The problem? The major banks think the Finance Department’s projections might be too conservative in their outlook.
Maureen MacDonald: All of the economists in the big financial institutions in the country looked at the assumptions that were put together by the economists in the Department of Finance, and they compared those assumptions with their own forecasts, and they find the assumptions to be reasonable. In fact, they found the assumptions in the Department of Finance to be conservative compared to their forecasts for the coming year.
Whalen wins the Bumble Bee award for trusting her political researchers over the Canada’s leading economists.
Drone of the Week
1 drone noun \drōn\
a stingless bee that does not gather nectar or pollen
2 drone intransitive verb \drōn\
to talk in a persistently dull or monotonous tone
Liberal MLA Keith Colwell complains about government spending on advertising. He says there is too much. And he says there is too little. This week, he was claimed John MacDonell could not get the word out about the Heating Assistance Rebate Program. MacDonell swatted Colwell’s complaint away:
John MacDonell: I think I have answered this question once a year for three years. I would think the member opposite would be aware, because his office should have received the applications that all MLAs received to give out to their constituents. If anybody is coming in there looking for an application, they should be able to get it from him.
For recycling a question for the third year in a row, Keith Colwell wins the Drone of the Week prize.
Killer Bee
While we do not agree with Jamie Baillie’s stance that we should move away from Nova Scotia’s renewable energy goals, we share his concerns about Stephen McNeil’s electricity plan:
Jamie Baillie: For the Liberal Party to run TV ads promoting a policy that actually jacks our power rates up even more and manages to eliminate any hope of private investment in renewables at the same time – that is an amazing trick. The very policies that they promote have been proven a failure in New Brunswick, in Ontario, in Texas, in California, in all of those places the very policies that they advertise on TV, both drive up our power rates and stop the investment in renewables at the same time. That is why it’s important that they, too, be held accountable for what they say not just today, but for the future.
Baillie wins this week’s Killer Bee prize for taking on McNeil Liberals on multiple fronts, including on electricity.
Honey Bee
This week Colchester – Musquodoboit Valley NDP MLA Gary Burrill issued a challenge to Conservative MP Scott Armstrong to a debate on federal cuts to EI.

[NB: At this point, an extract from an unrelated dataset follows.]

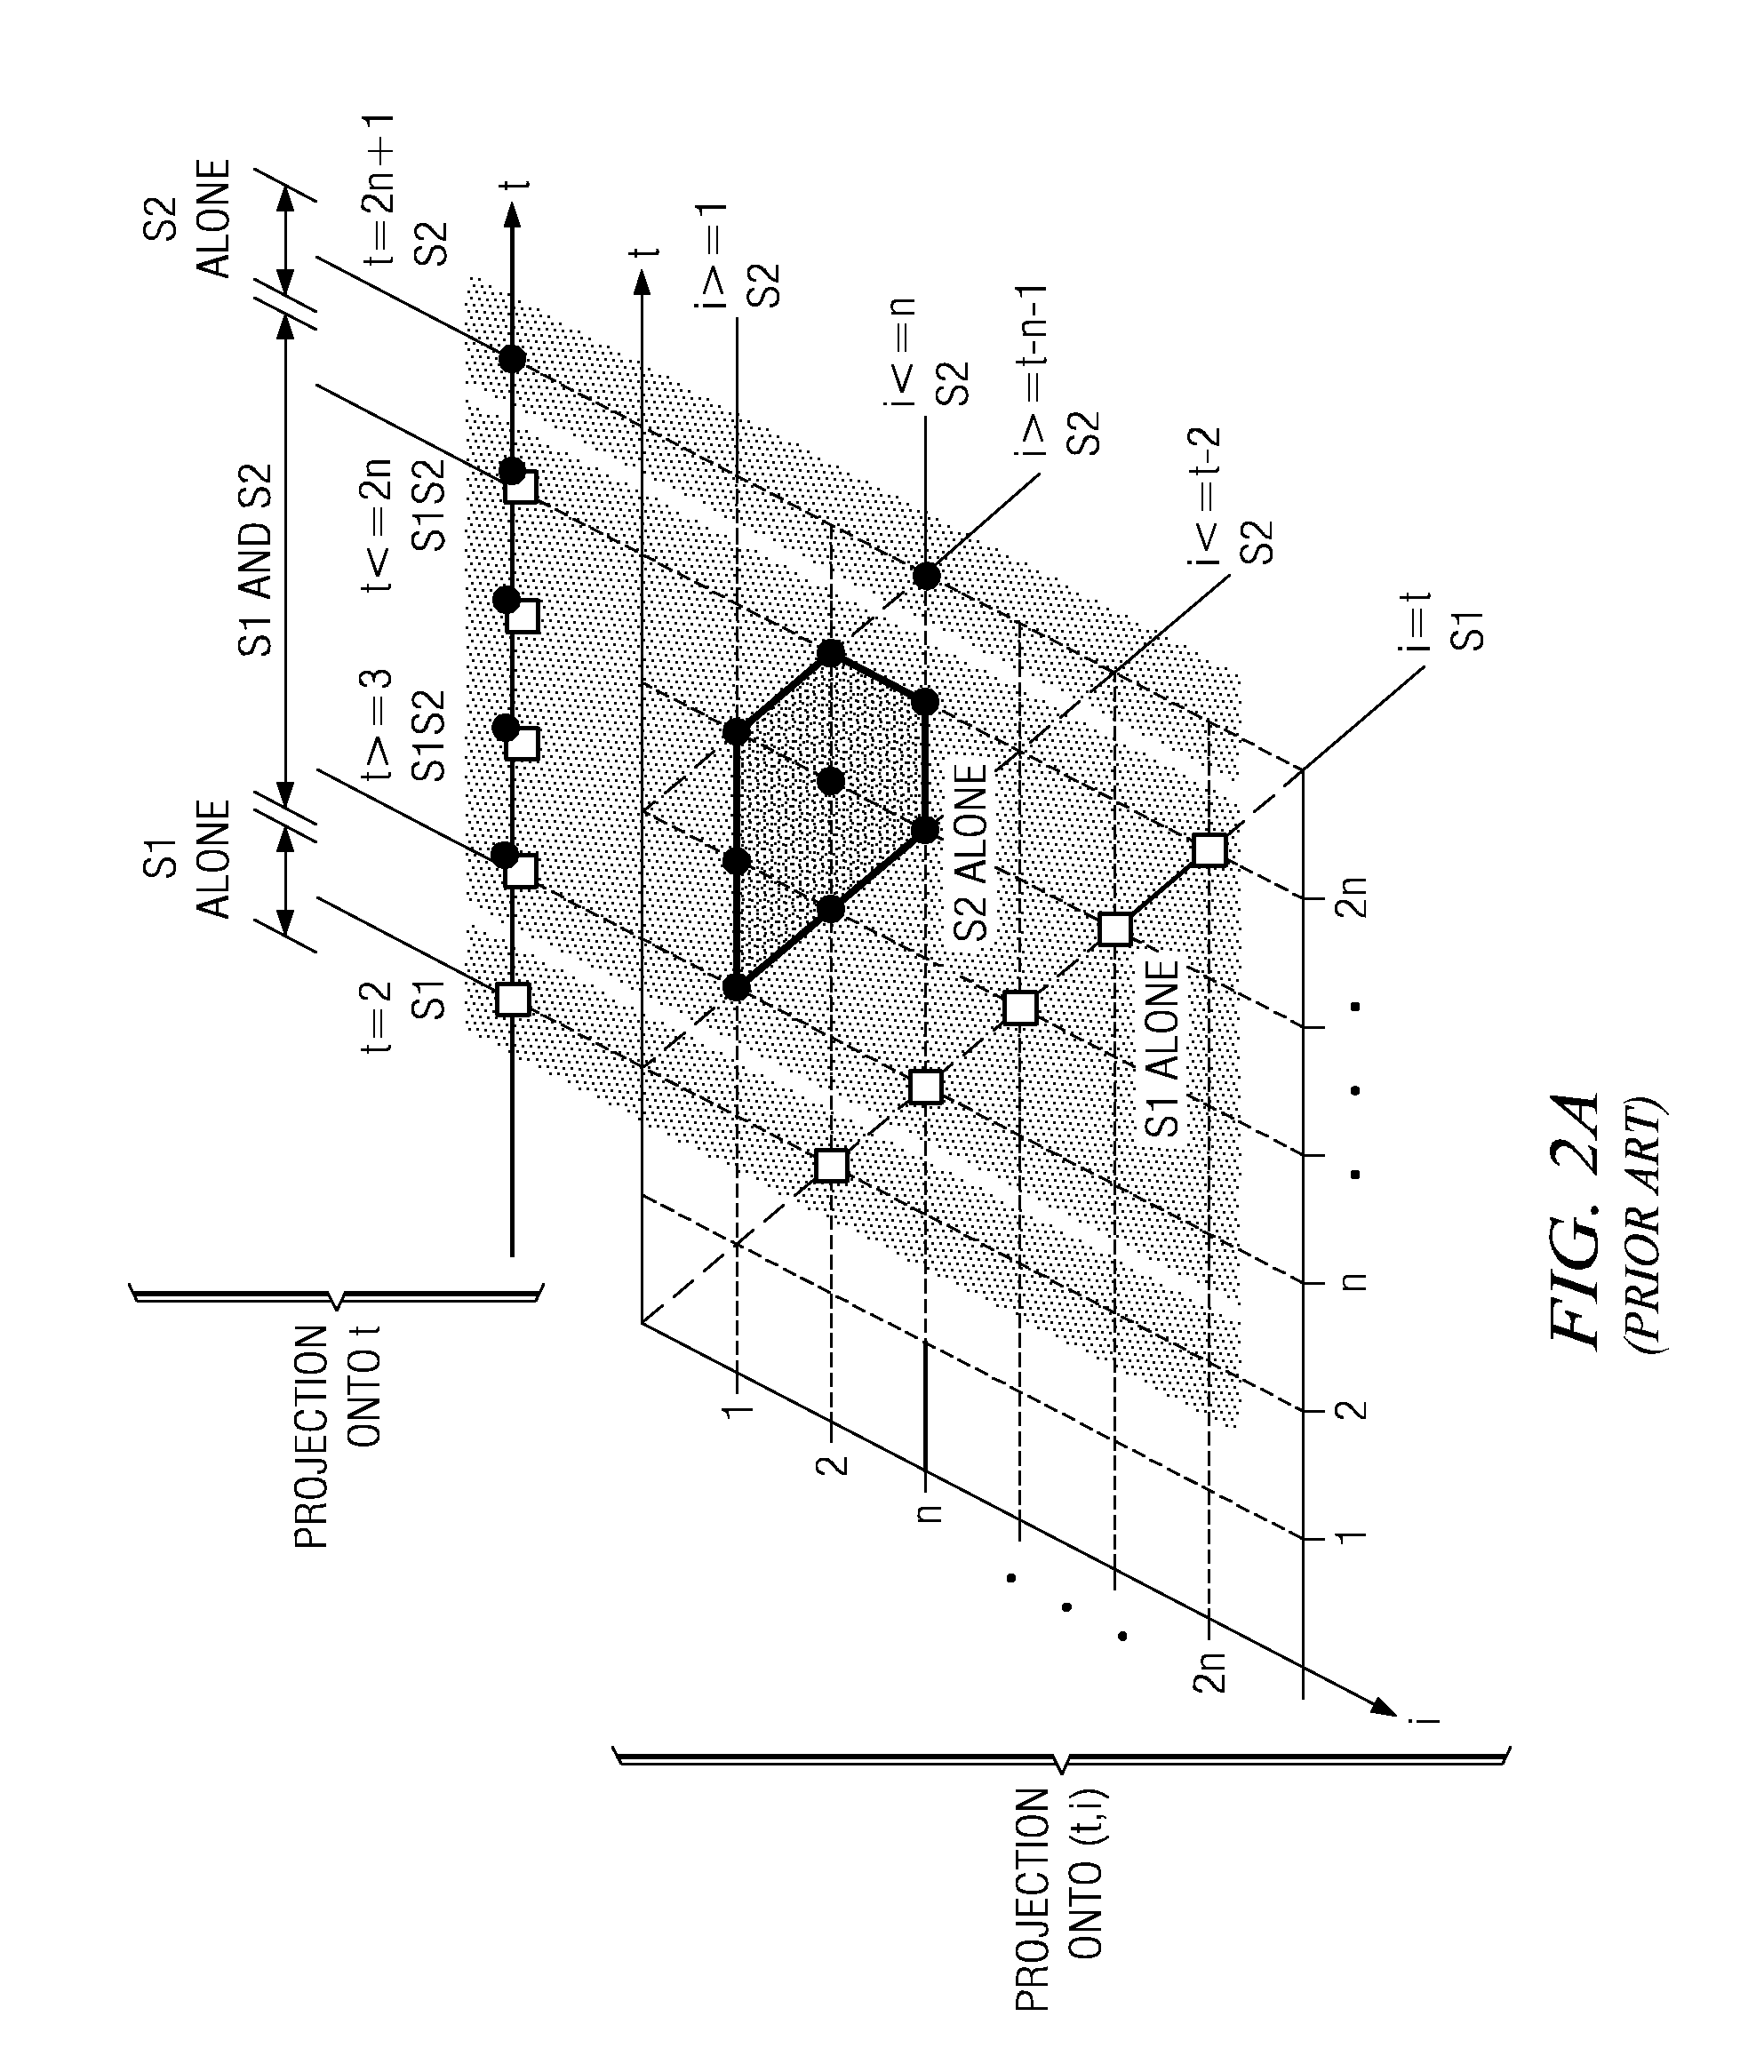 System and Method for Domain Stretching for an Advanced Dual-Representation Polyhedral Loop Transformation Framework

Burrill also got his provincial Conservative colleagues on the record on the changes to the EI appeals process. He introduced this resolution in the Legislature:
Whereas the system of appeals for employment insurance has, for many years, been comprised of Boards of Referees, tripartite bodies including local representatives from the business community and the labour movement, ensuring that appeals of decisions affecting EI claims have been heard by independent referees knowledgeable concerning local conditions…
Whereas the constituency offices of many MLAs have commonly provided advocacy, support, and representation services to constituents before Boards of Referees, very often resulting in much-needed reinstatements of EI benefits and much-merited reversals of disentitlements, disqualifications, penalty assessments, and the like; and
Whereas the federal government has abolished the system of EI appeals based on a national network of Boards of Referees, and replaced it with a centralized appeal system lacking entirely in local representation;
Therefore be it resolved that this House of Assembly unreservedly condemn the eradication of the Board of Referees appeal system by the Government of Canada, and hereby register its profound disagreement with the removal of local labour and business leaders from the appeal process available to EI claimants in Nova Scotia.
Burrill’s resolution was met with a chorus of No’s from the Conservative benches, a mistake for a party in second place in much of rural Nova Scotia. Gary Burrill wins this week’s Honey Bee prize for good work.